Buck, a longtime critic of marijuana legalization and former Weld County district attorney, explains his stance in a statement shared by Smart Approaches to Marijuana, an anti-legalization nonprofit.

"The SAFE Banking Act jeopardizes public safety by legitimizing banking access for a Schedule I drug. It is important that we continue to tread lightly and consider public health concerns that surround the marijuana industry," Buck says. "That’s why I opposed the SAFE Banking Act when it came to a vote in the House of Representatives and urge Senator Crapo to weigh these concerns when considering this legislation in the Senate."

The same day Crapo received the letter from twelve House members encouraging him to stall SAFE, he received another letter from over 1,300 marijuana business owners and industry representatives, pleading with him to consider the bill as written.
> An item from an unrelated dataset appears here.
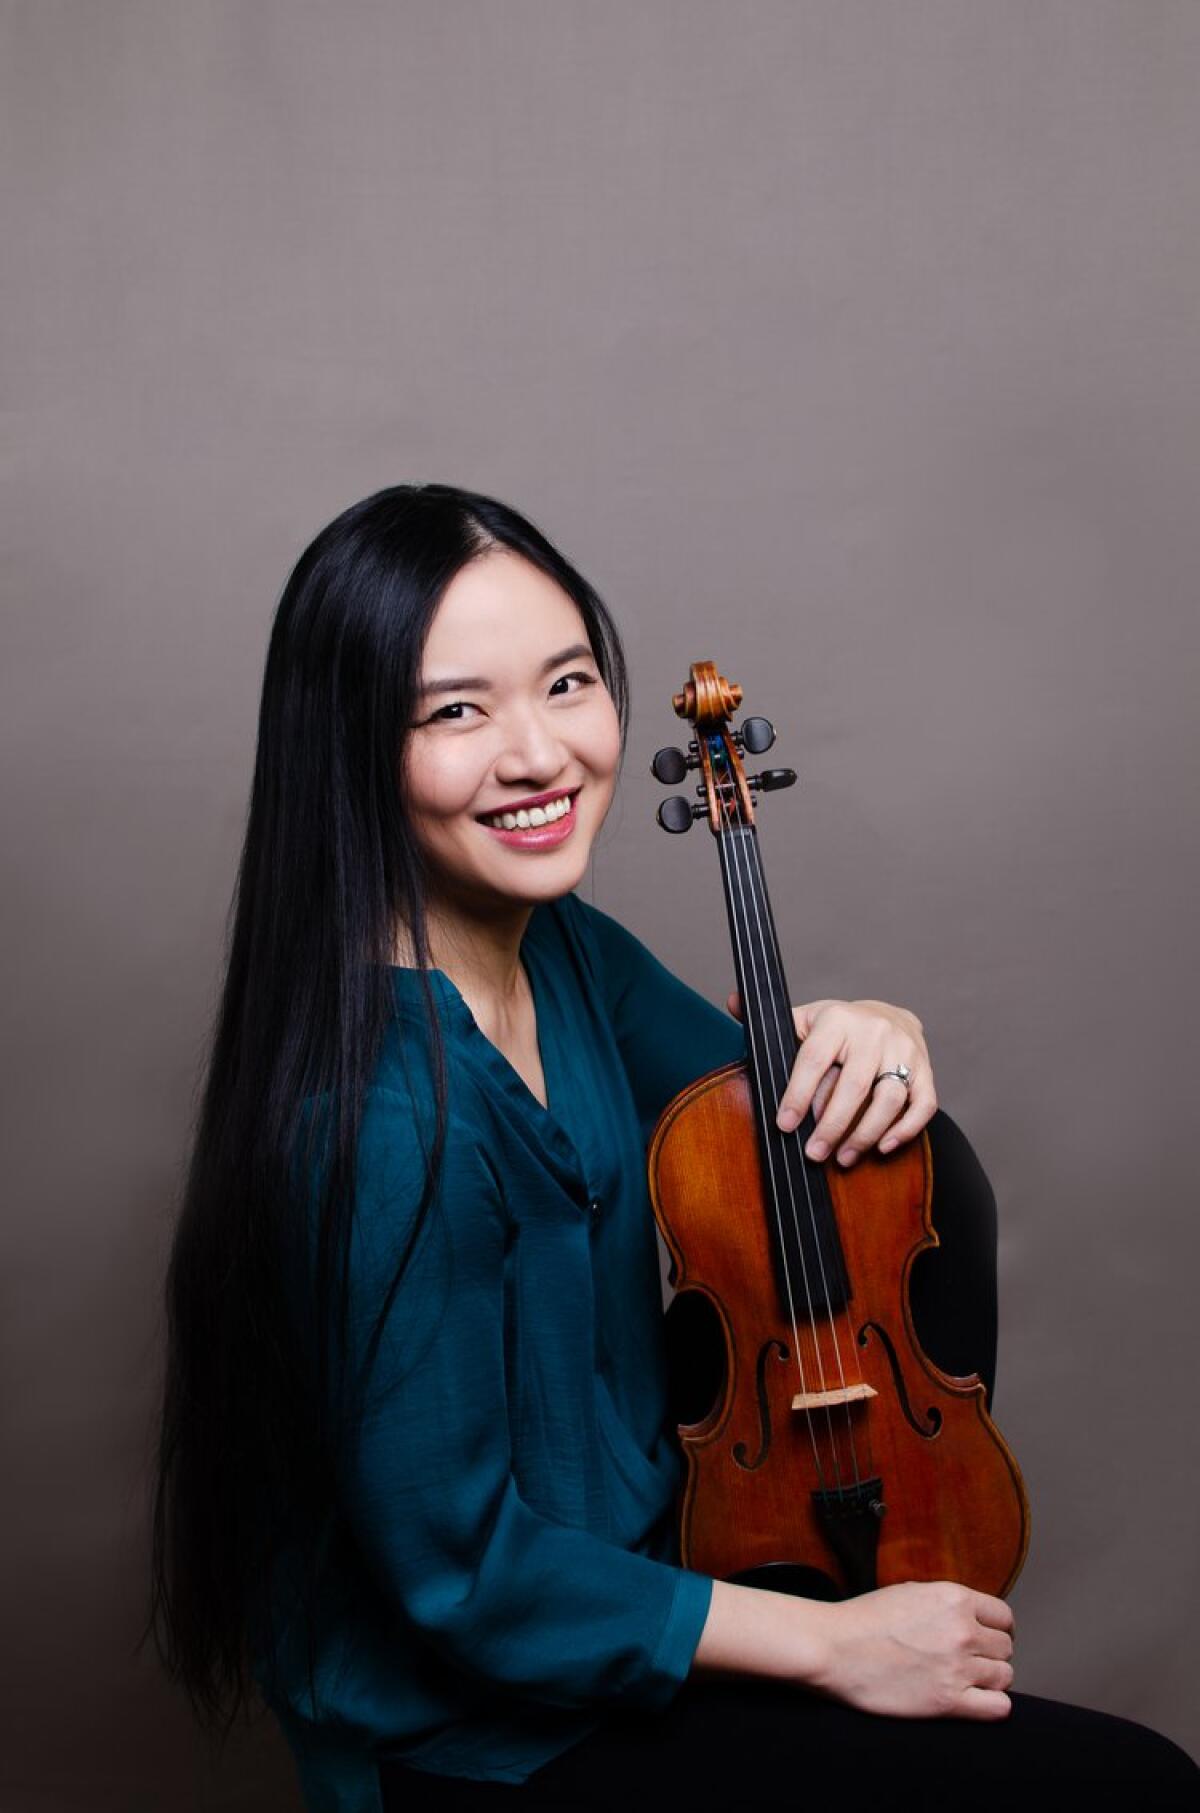 The Athenaeum Music & Arts Library presents Tien-Hsin Cindy Wu along with Hidden Valley Virtuosi on Friday, Oct. 28.

While Crapo's comments put some stink on federal marijuana banking reform, Colorado lawmakers are making plans to take on pot banking at the state level. Early this month, Governor Jared Polis and the state Department of Regulatory Agencies announced their Roadmap to Cannabis Banking, designed to "increase the number of financial service providers in Colorado who serve the state’s legal marijuana and industrial hemp industries." The program calls for regular stakeholder meetings, finding new ways to serve marijuana businesses through money transferring, pushing for more federal protection, engaging with state-chartered banks and credit unions, and helping guide the way through state and federal obstacles faced by marijuana businesses and financial institutions that try to work together.

Days before the governor and DORA announced the banking roadmap, a bill was introduced in the Colorado House of Representatives that would allow state-certified credit unions to provide loans to marijuana business owners. That measure, House Bill 1217, passed its first hearing unanimously in the House Finance Committee on February 13.